Here's a fact that should make you stop and think: ChatGPT — the AI platform that the entire internet spent 2023 and 2024 declaring would "kill Google" — is the second-largest paid search advertiser in the world.

Not second-largest in its industry. Second-largest globally. Out of every business on the internet buying Google Ads, ChatGPT is buying more paid search traffic than nearly all of them — 163.5 million monthly visits worth, with a 9.31% growth rate climbing higher.

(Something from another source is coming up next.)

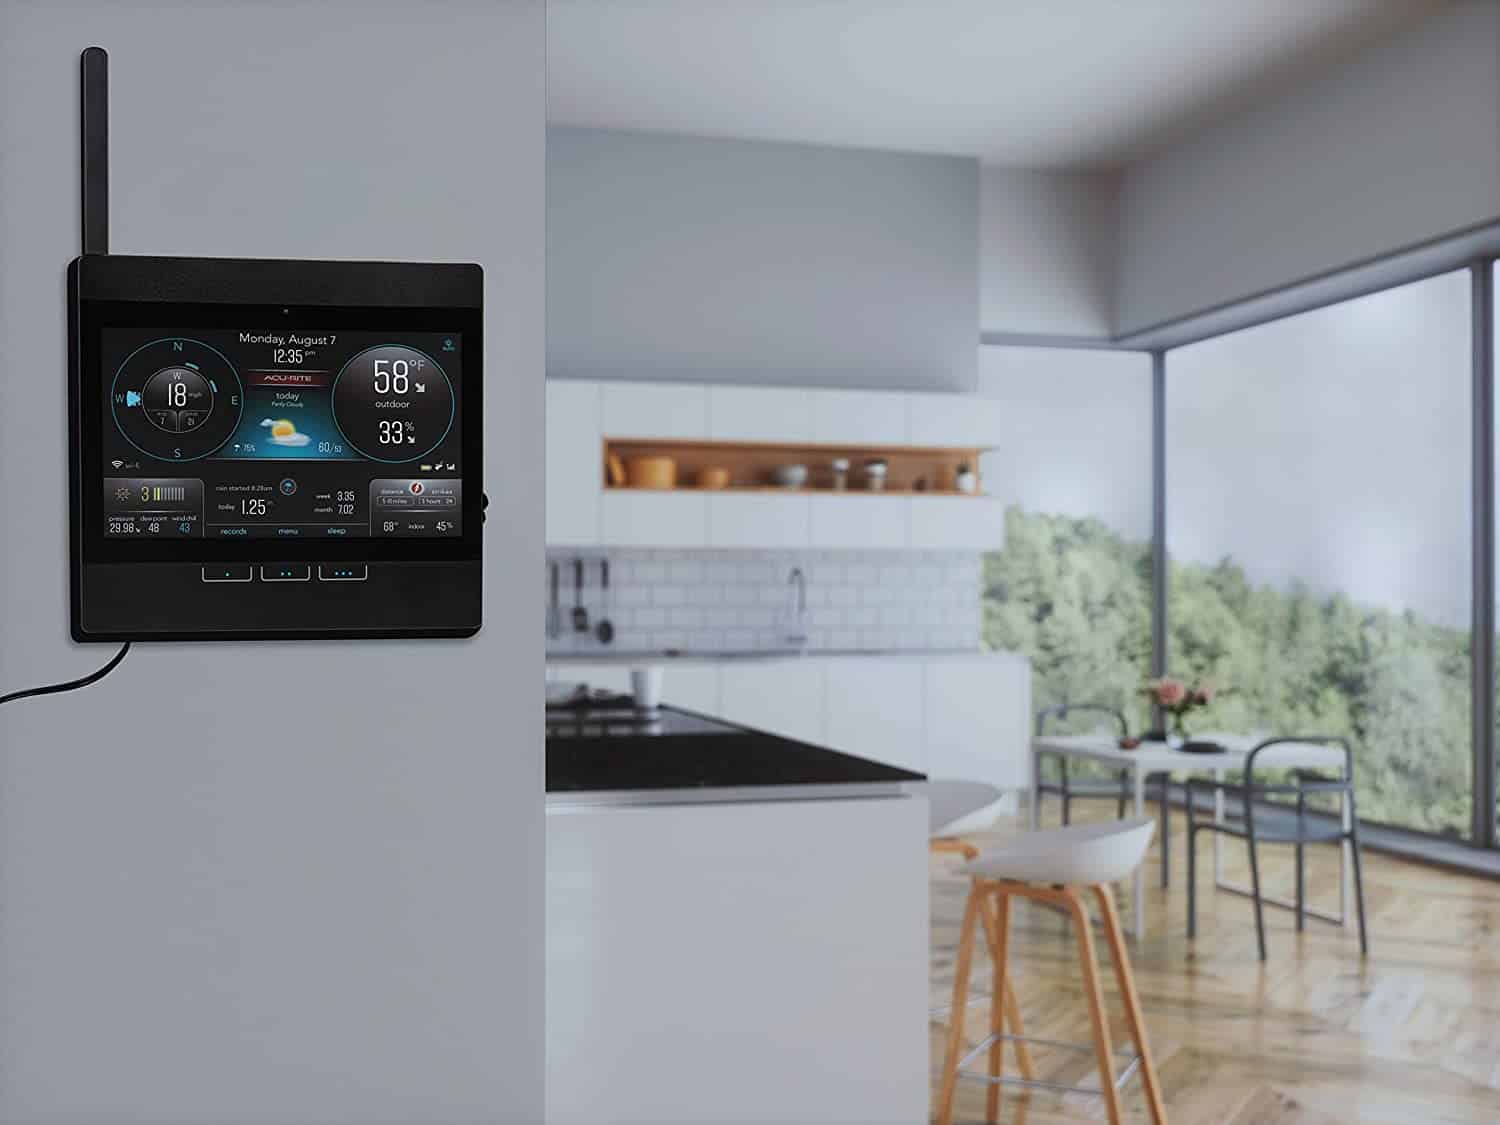 an acurite home weather station monitor mounted on a kitchen wall

The AI that was supposed to make search irrelevant is spending a fortune on search ads. So is its closest competitor: Google's own Gemini, the AI tool built by the company that runs Google Ads, is the fifth-largest paid search advertiser on the planet.

If that doesn't shift your thinking about the value of paid search in 2025, read on — because the data from the world's top-spending advertisers tells a story that goes far beyond AI chatbots, and it has direct implications for what your business should be doing with its marketing budget right now.

Ready to put your paid search budget to work the way the biggest brands do? Seattle Organic SEO manages Google Ads campaigns for local businesses across the Pacific Northwest and beyond — with the strategy and transparency the big agencies can't match.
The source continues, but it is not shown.